The evolving role of the DPO in AI governance
As artificial intelligence becomes more deeply embedded across public sector organisations, the role of the Data Protection Officer (DPO) is evolving rapidly.
Once primarily focused on GDPR compliance, privacy notices and breach management, DPOs are now increasingly expected to contribute to broader discussions around AI governance, risk management, transparency and accountability.
This shift was a central theme during a recent Forvis Mazars roundtable with public sector data protection professionals in Dublin. Participants described how AI initiatives are accelerating across organisations, often driven by wider digital transformation programmes, vendor-enabled AI functionality and growing organisational pressure to improve efficiency and service delivery.
However, while adoption is accelerating, governance structures are not always keeping pace.
Participants consistently highlighted the growing demands being placed on privacy teams. DPOs are increasingly asked to review AI-enabled projects, contribute to governance forums, support impact assessments, advise on transparency obligations and help organisations interpret emerging regulatory requirements under the EU AI Act and related legislation.
In many cases, DPOs are becoming the default point of contact for AI-related concerns simply because AI systems are heavily data-driven and often involve personal data processing.

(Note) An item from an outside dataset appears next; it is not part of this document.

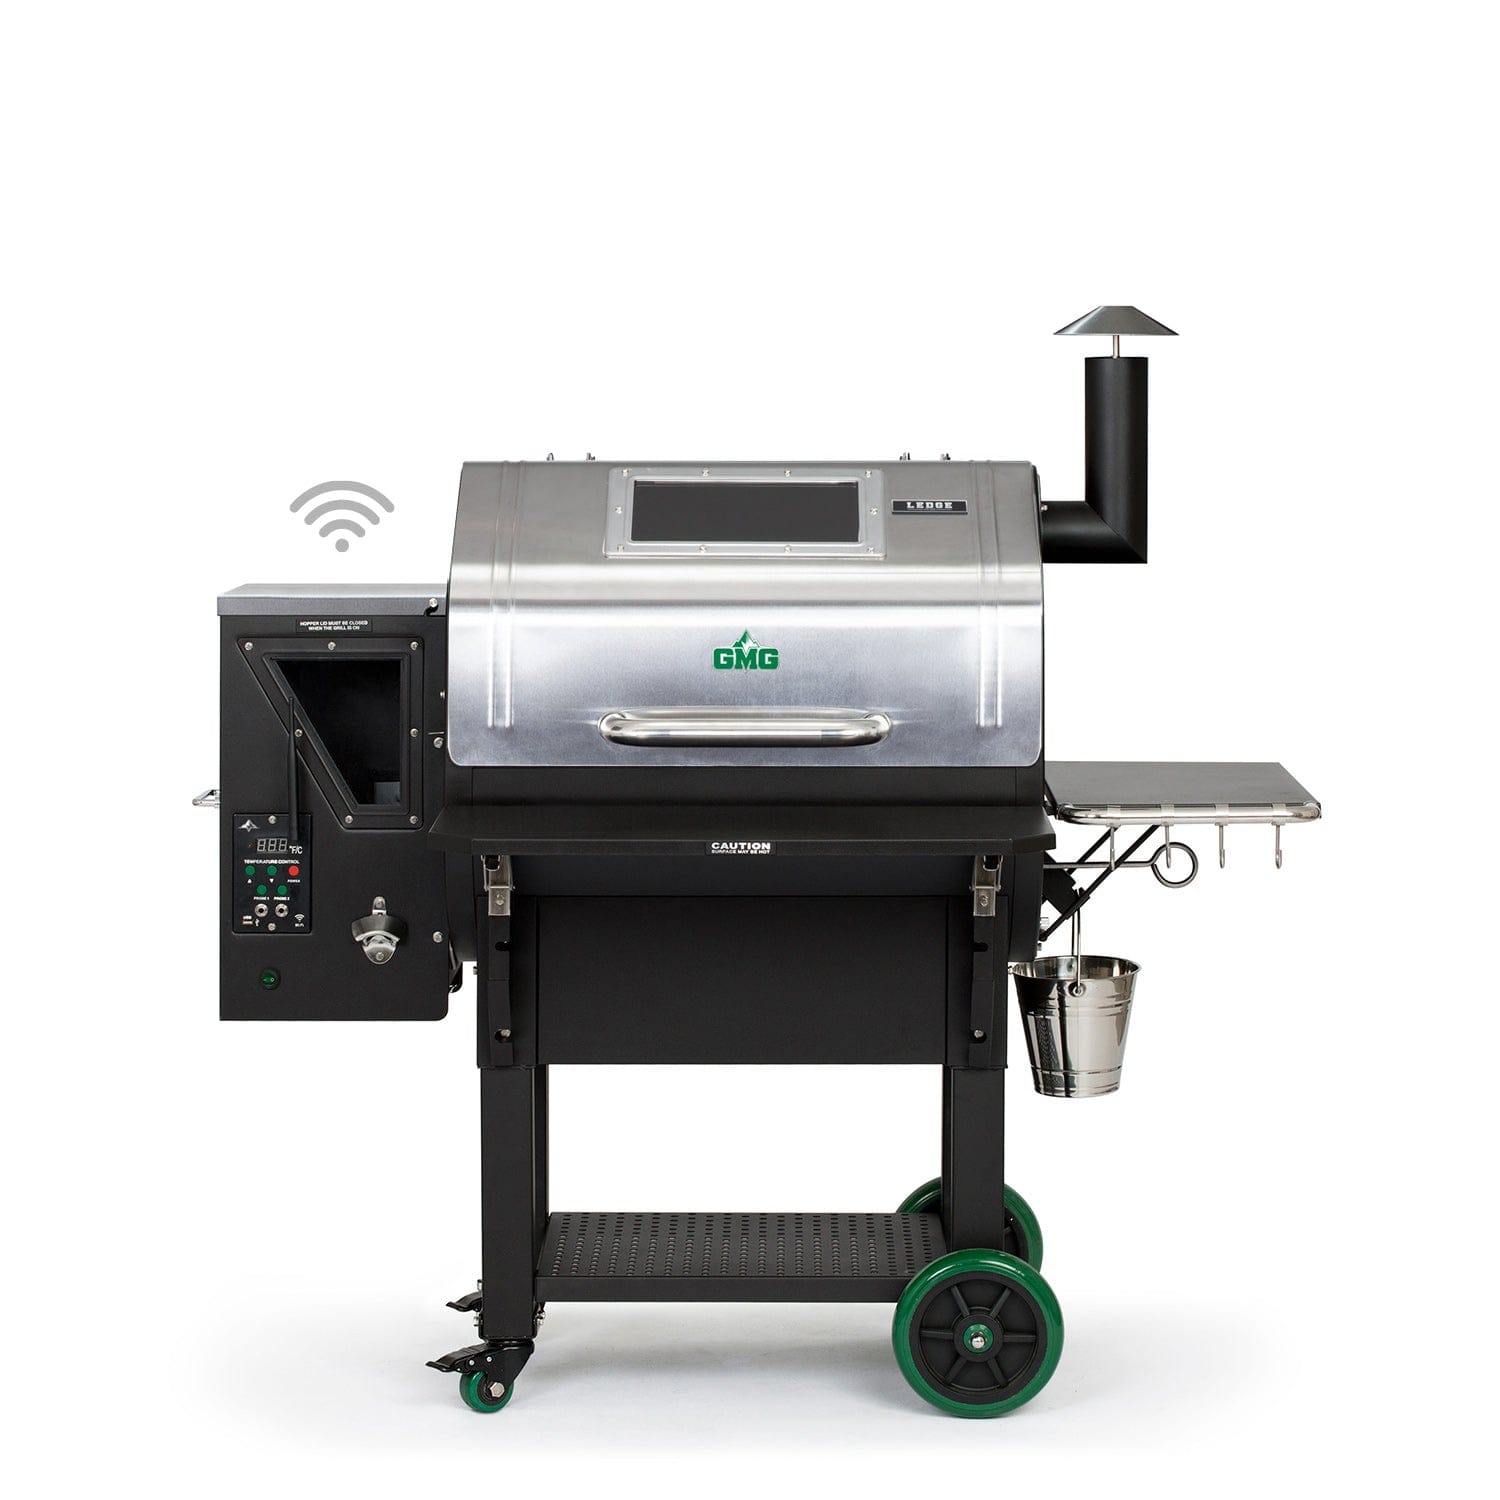 Green Mountain Grills - Ledge Prime+ SS WiFi Pellet Grill w/ Stainless Lid

While participants recognised that DPOs possess many of the skills needed to support responsible AI deployment, there was also concern that some organisations are relying too heavily on privacy teams without establishing clear ownership structures for AI governance.
A recurring message throughout the discussion was clear: DPOs should support and challenge AI deployment, but they should not become operational owners of AI systems.
Maintaining DPO independence emerged as one of the most important governance considerations.
Participants noted that as organisations establish AI steering groups and governance committees, DPOs are increasingly invited to participate. While this involvement is valuable, organisations must ensure that oversight responsibilities do not become blurred.
Implementation responsibility typically sits with IT, digital transformation teams or operational business functions, supported by information security teams for technical controls. The DPO’s role remains advisory and oversight-focused, helping organisations identify risks, assess compliance obligations and embed accountability into decision-making processes.
One of the strongest points of consensus from the roundtable was that DPOs are often involved too late in AI initiatives.
Participants described scenarios where technologies had already been selected, piloted or even deployed before privacy teams were consulted. This creates unnecessary risk and often results in delayed remediation work, additional costs or governance gaps.
Early engagement enables organisations to:
Participants emphasised that this challenge is not unique to AI projects, but the pace and complexity of AI adoption make early involvement even more critical.
While AI has existed for decades, many participants acknowledged that organisations are still developing the practical skills needed to govern it effectively.
DPOs often feel expected to assess complex AI-related risks without having the same technical understanding they may possess for more traditional technologies. Participants highlighted the need for practical, plain-language training that bridges legal, operational and technical perspectives.
There was also strong agreement that AI literacy cannot sit solely within privacy teams. IT, information security, procurement, legal and operational teams all need a shared understanding of how AI systems function, where risks arise and how governance responsibilities interact.
The discussions highlighted that the DPO role will continue to evolve as AI adoption accelerates across the public sector.
This evolution presents both challenges and opportunities. Organisations that establish clear governance structures, preserve DPO independence, invest in cross-functional skills and involve privacy expertise early in AI initiatives will be better positioned to deploy AI responsibly while maintaining public trust.
For many organisations, the immediate priority is not simply adopting AI tools, but building the governance foundations needed to support them safely and effectively.